2

I am going through the example (below): which is a binary classification example. I want to make sure some of my intuition is correct here as there is not much documentation regarding the lime package due to it being relatively new.

Output of the example

library(xgboost)
library(dplyr)
library(caret)
library(insuranceData) # example dataset https://cran.r-project.org/web/packages/insuranceData/insuranceData.pdf
library(lime) # Local Interpretable Model-Agnostic Explanations
set.seed(123)
data(dataCar)
mydb <- dataCar %>% select(clm, exposure, veh_value, veh_body,
                           veh_age, gender, area, agecat)

label_var <- "clm"  
offset_var <- "exposure"
feature_vars <- mydb %>% 
  select(-one_of(c(label_var, offset_var))) %>% 
  colnames()

#preparing data for xgboost (one hot encoding of categorical (factor) data
myformula <- paste0( "~", paste0( feature_vars, collapse = " + ") ) %>% as.formula()
dummyFier <- caret::dummyVars(myformula, data=mydb, fullRank = TRUE)
dummyVars.df <- predict(dummyFier,newdata = mydb)
mydb_dummy <- cbind(mydb %>% select(one_of(c(label_var, offset_var))), 
                    dummyVars.df)
rm(myformula, dummyFier, dummyVars.df)


feature_vars_dummy <-  mydb_dummy  %>% select(-one_of(c(label_var, offset_var))) %>% colnames()

xgbMatrix <- xgb.DMatrix(
  data = mydb_dummy %>% select(feature_vars_dummy) %>% as.matrix, 
  label = mydb_dummy %>% pull(label_var),
  missing = "NAN")


#model 2 : this works
myParam2 <- list(max.depth = 2,
                 eta = .01,
                 gamma = 0.001,
                 objective = 'binary:logistic',
                 eval_metric = "logloss")


booster2 <- xgb.train(
  params = myParam2, 
  data = xgbMatrix, 
  nround = 50)

explainer <- lime(mydb_dummy %>% select(feature_vars_dummy), 
                  model = booster2)

explanation <- explain(mydb_dummy %>% select(feature_vars_dummy) %>% head,
                       explainer,
                       n_labels = 2, ###### NOTE: I added this value, not sure if it should be '=1' or '=2' for binary classification.
                       n_features = 2)


plot_features(explanation)

The above code talks about insurance claims which is a classification problem, claim or not claim.

Questions:

What is the function of n_labels - I have a binary classification for my own problem so would n_lables correspond to 0 and 1?

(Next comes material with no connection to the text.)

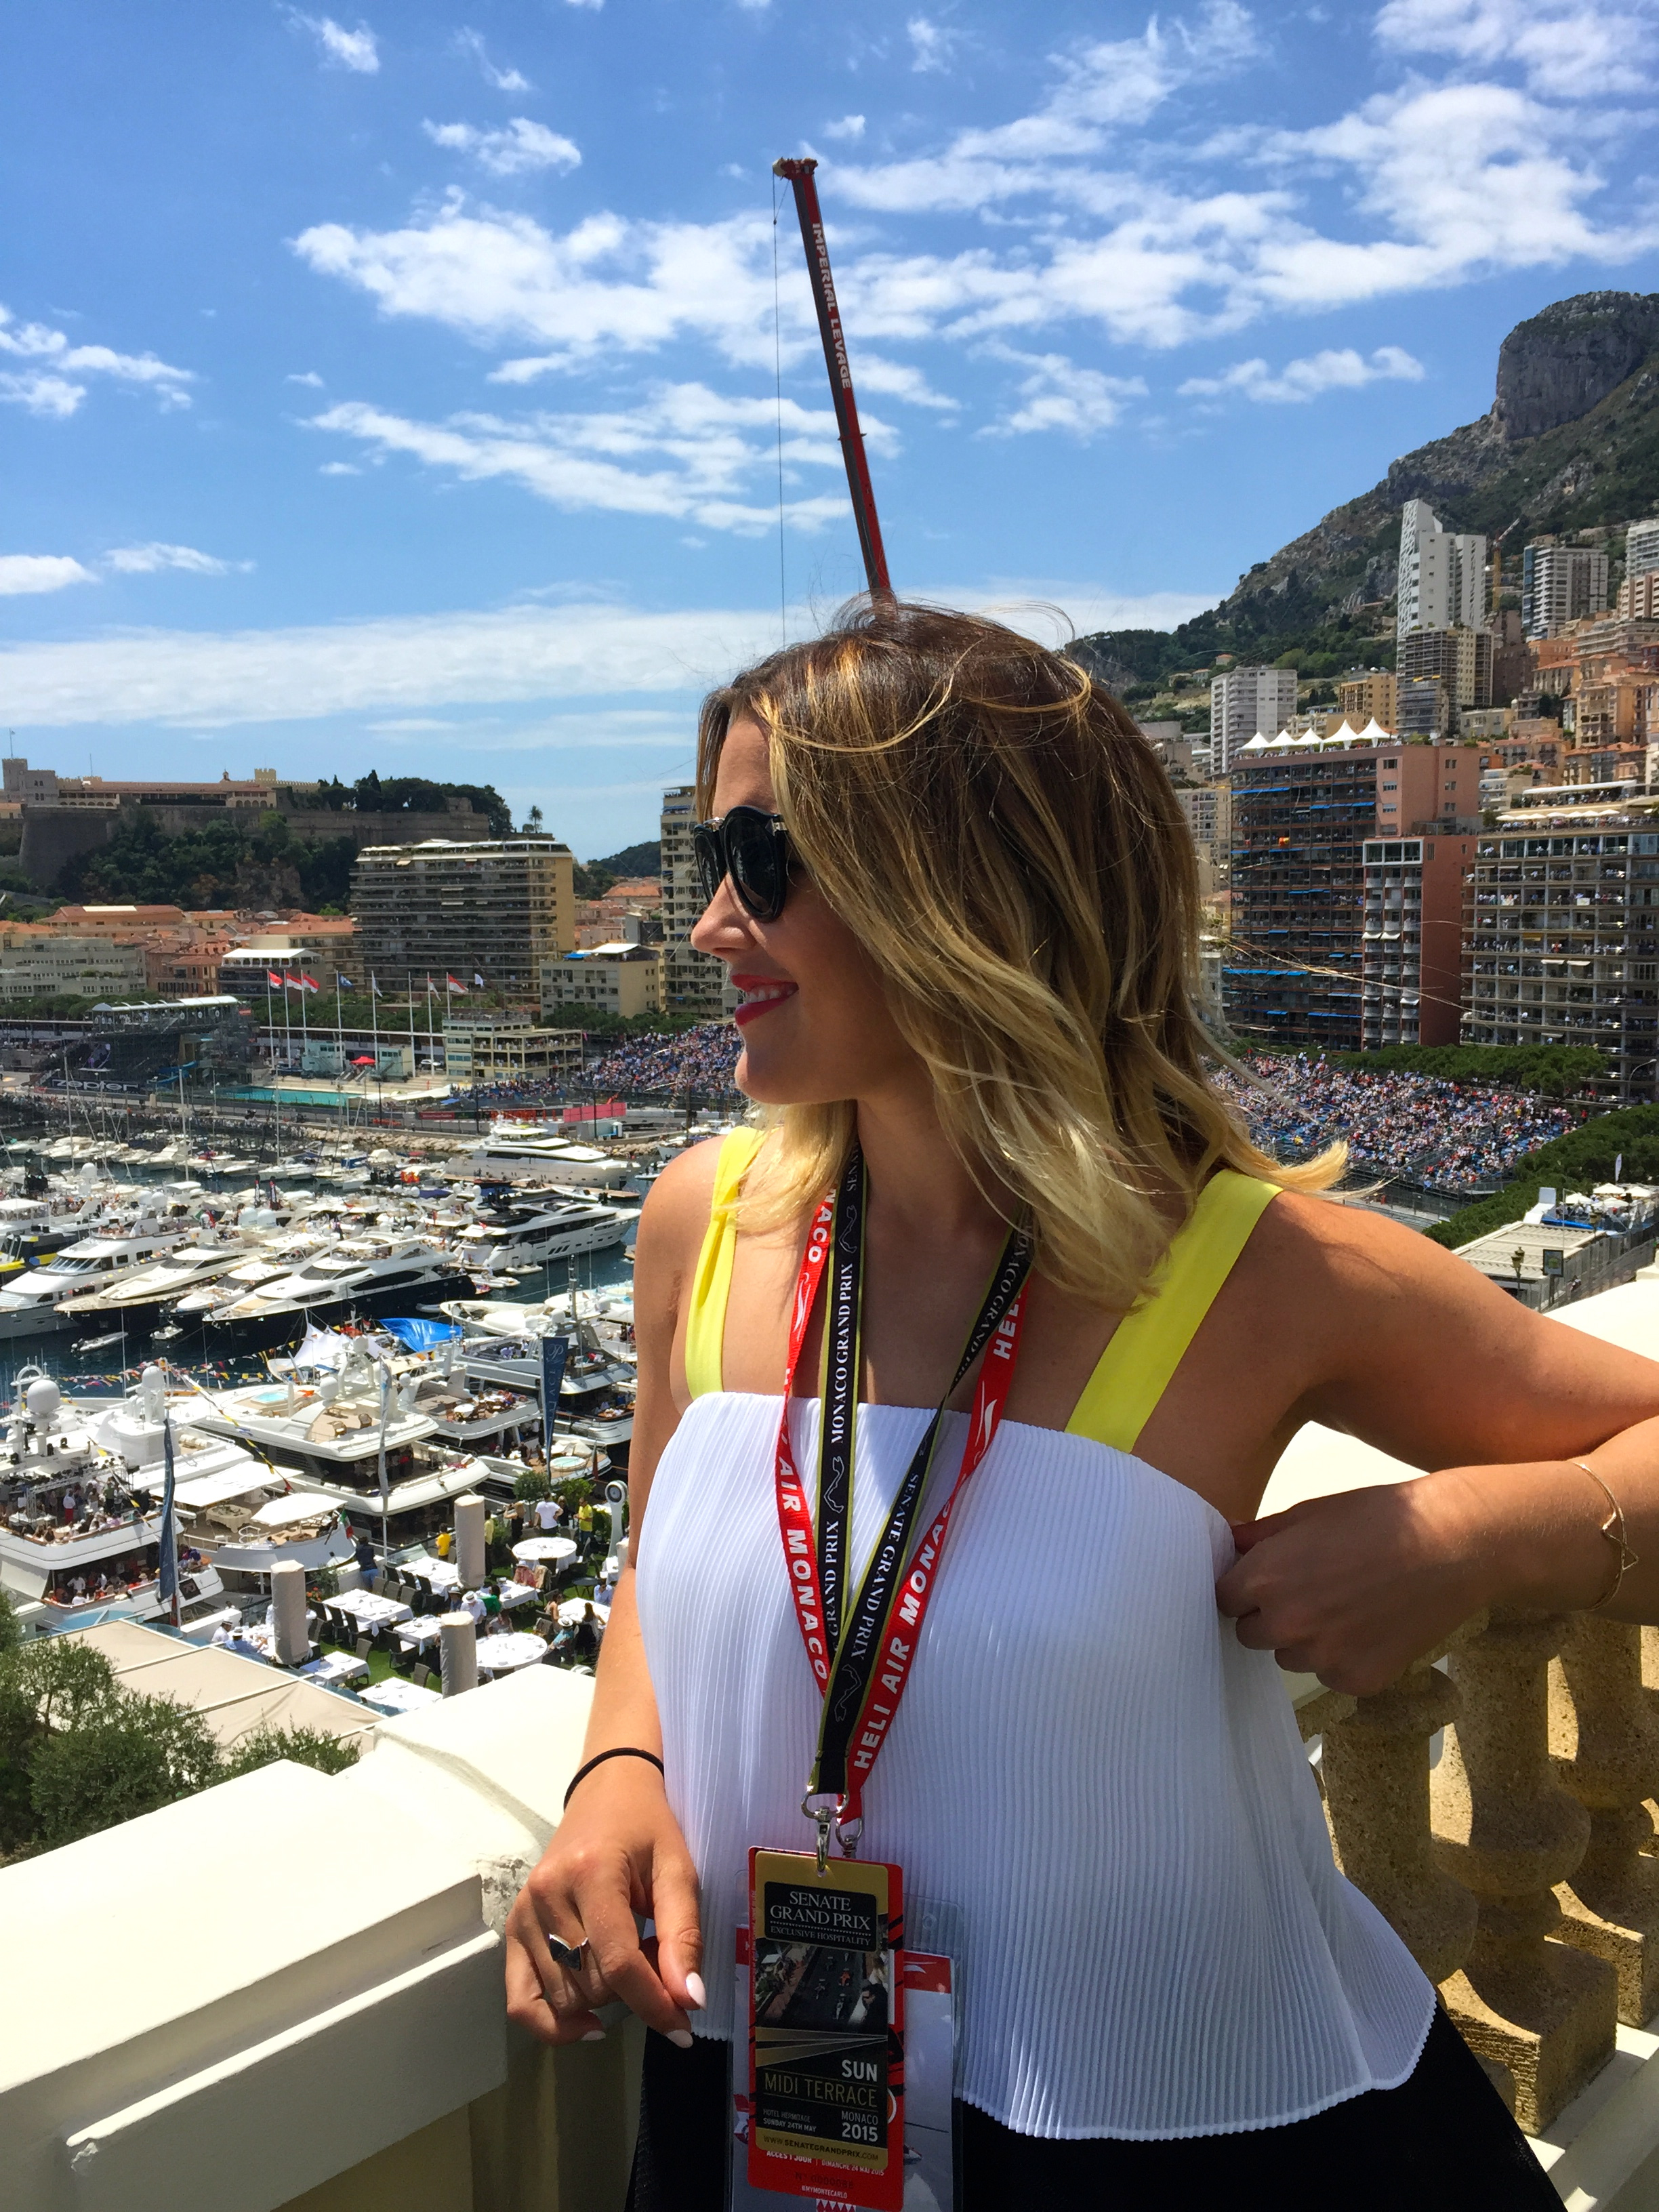 Taking in the view, Midi Terrace, Hotel Hermitage, Monaco.

In the example here the author talks about malignant and benign for the labels. However when I run the code on my own classification problem (I make sure that there is 0 and 1 observations in the data that I plot for plot_features(explanation), but the labels do not match the true value of what that observation is...

For my own problem I have the following plot;

I set n_labels = 1 (this plot is different to the code above (but still a classification problem)).

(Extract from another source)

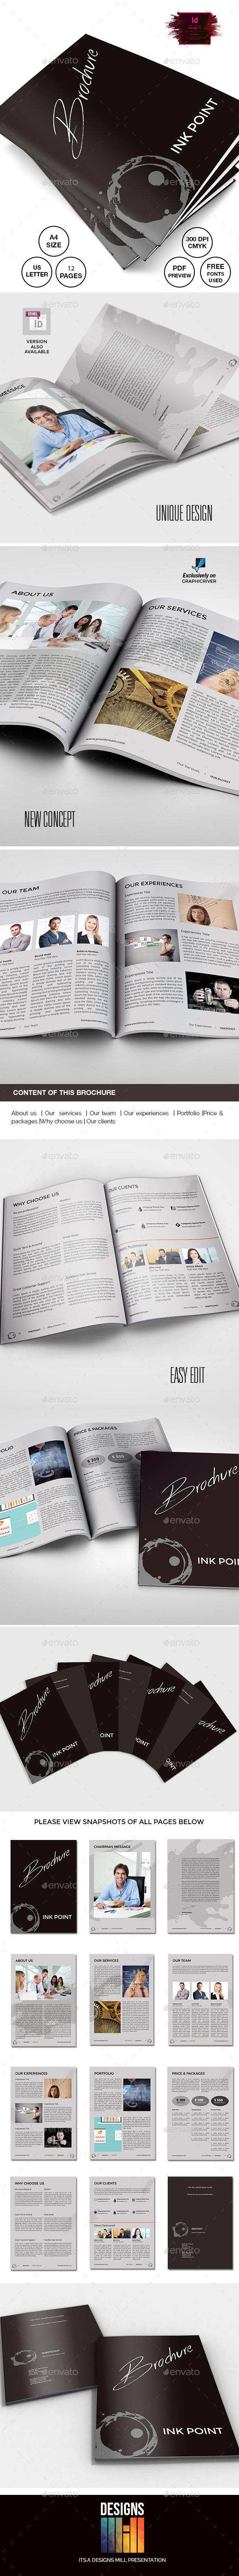 InkPoint Brochure - Informational Brochures

Here in case 2 I have under the labels header a result of 1 - which, can I assume is a binary classification prediction? However when I output the actual true results of the binary output I have the following 1 0 1 0 1 0 which I am reading that the model predicted that case 1 was classified as 0 and in actual fact it was a 1.case 2 prediction was a 1 and in fact was a 0, case 3 was predicted to be a 0 and infact it was a 1, case 4 was predicted to be a 0 and it was actually a 0 etc... is this incorrect? btw I used an xgb model to make predictions.

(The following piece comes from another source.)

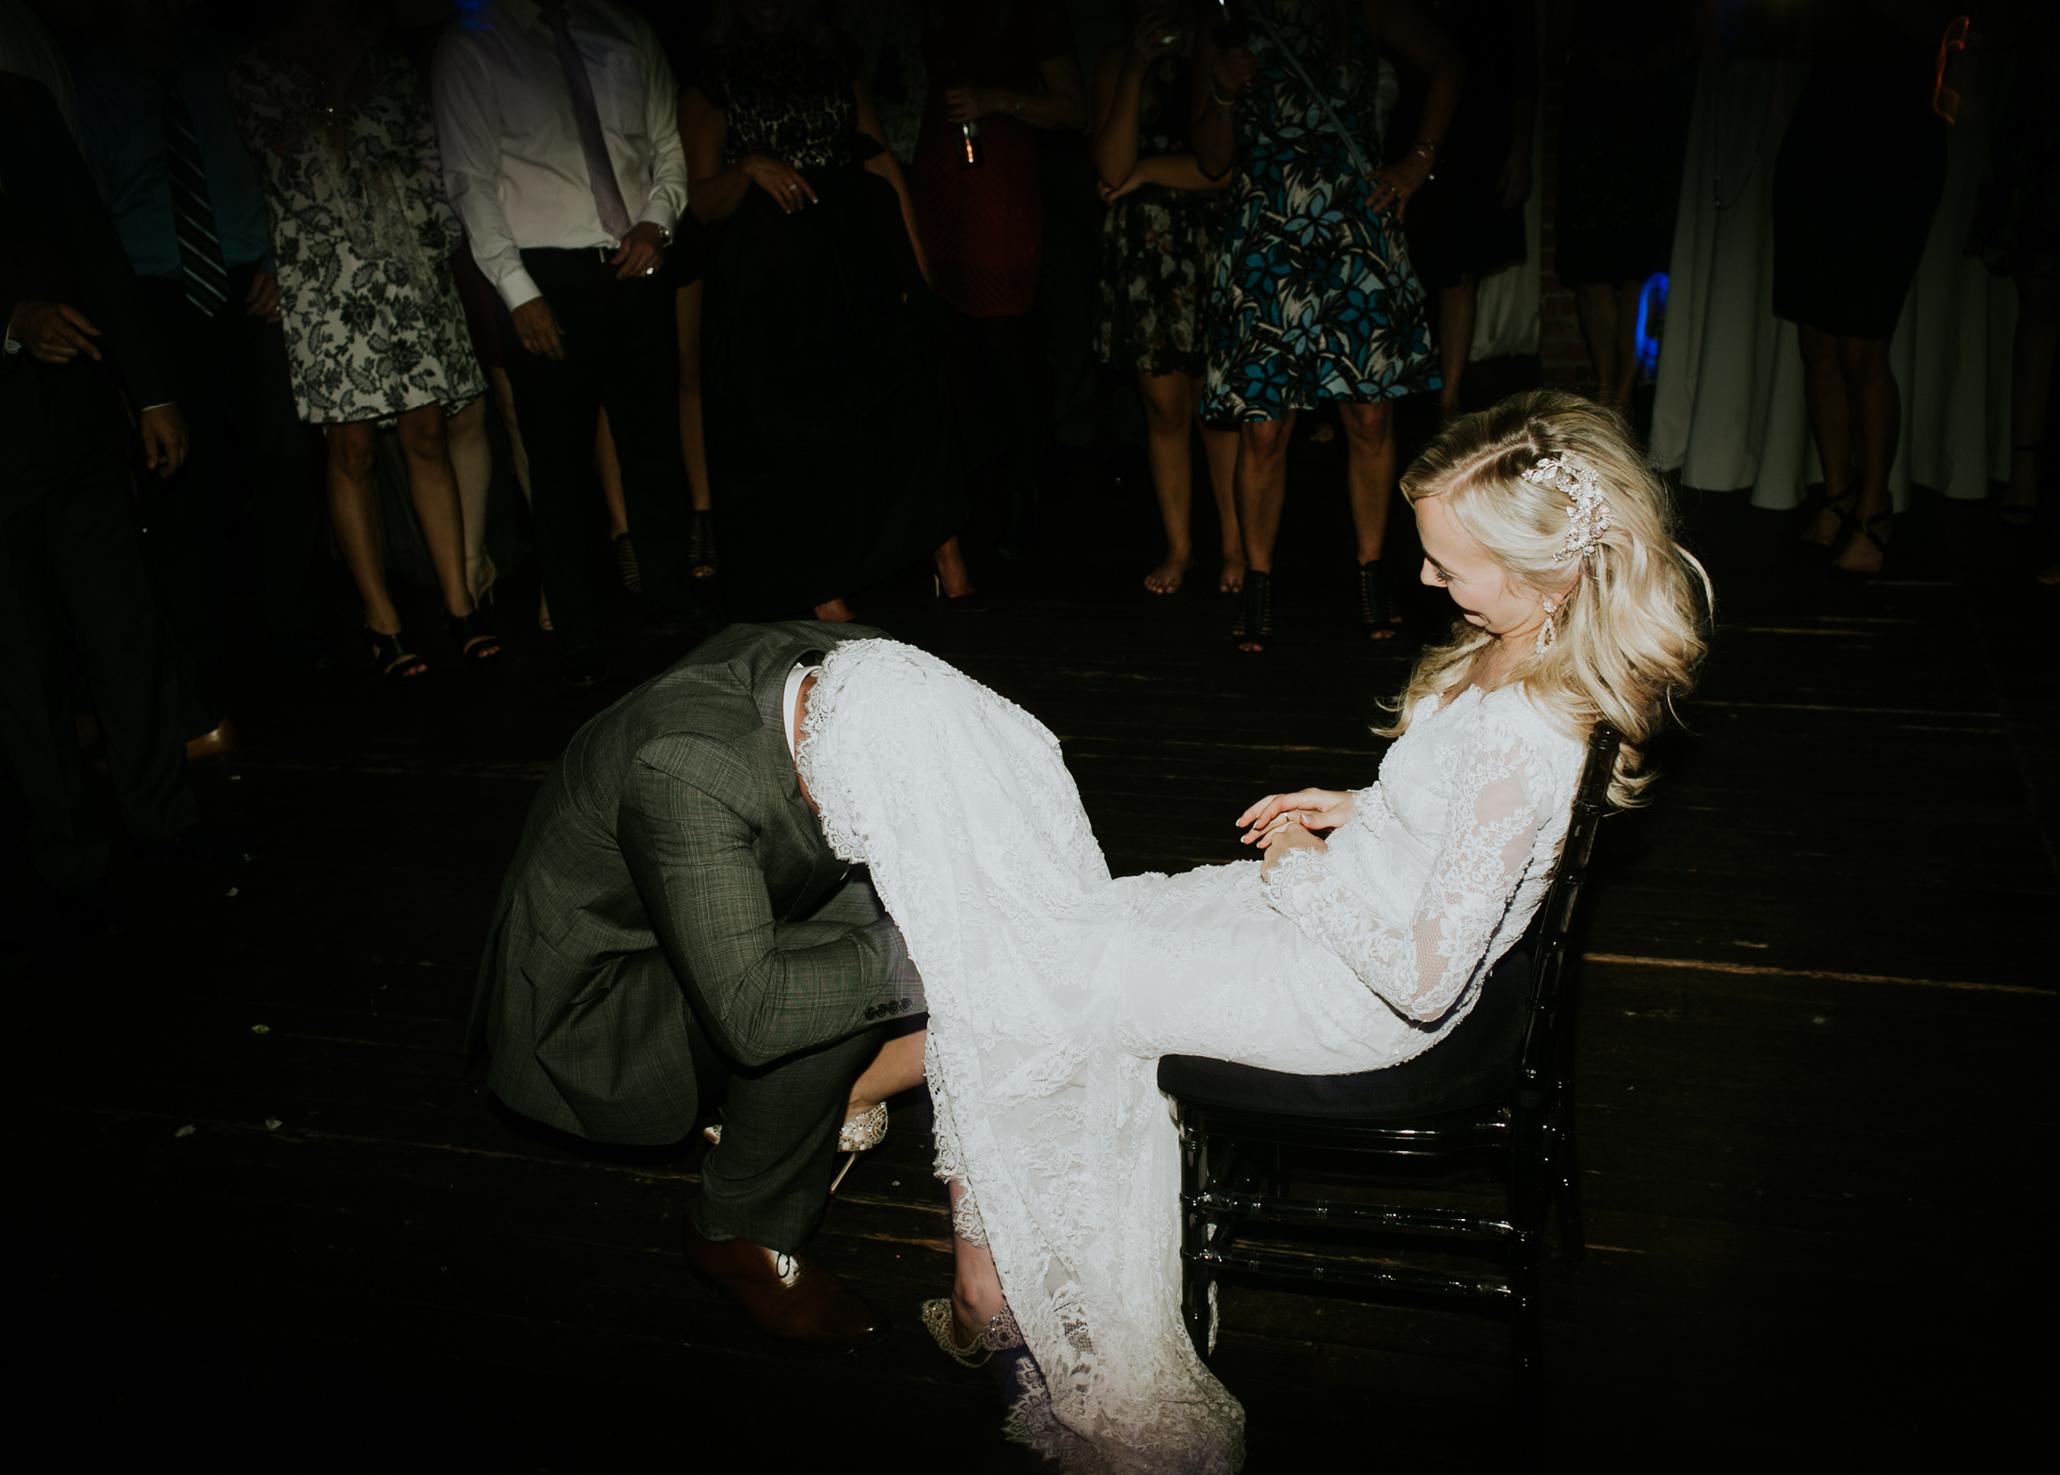 axis-seattle-wedding13

Secondly; All the 0 cases in the plot (so cases 1, 3, 4, 5, 6) all have similar characteristics... whereas case 2 is different and it has other variables/features which affect the model (I only plot 4 variables from the model (again I do not know if they are plotted randomly or by some importance score)).

I quote my analysis from the Understading lime here

In this overview it is clear to see how case 195 and 416 behave alike, while the third benign case (7) has an unusual large bare nuclei which are detracting from its status as benign without affecting the final prediction (indicating that the values of its other features are making up for this odd one). To no surprise it is clear that high values in the measurements are indicative of a malignant tumor.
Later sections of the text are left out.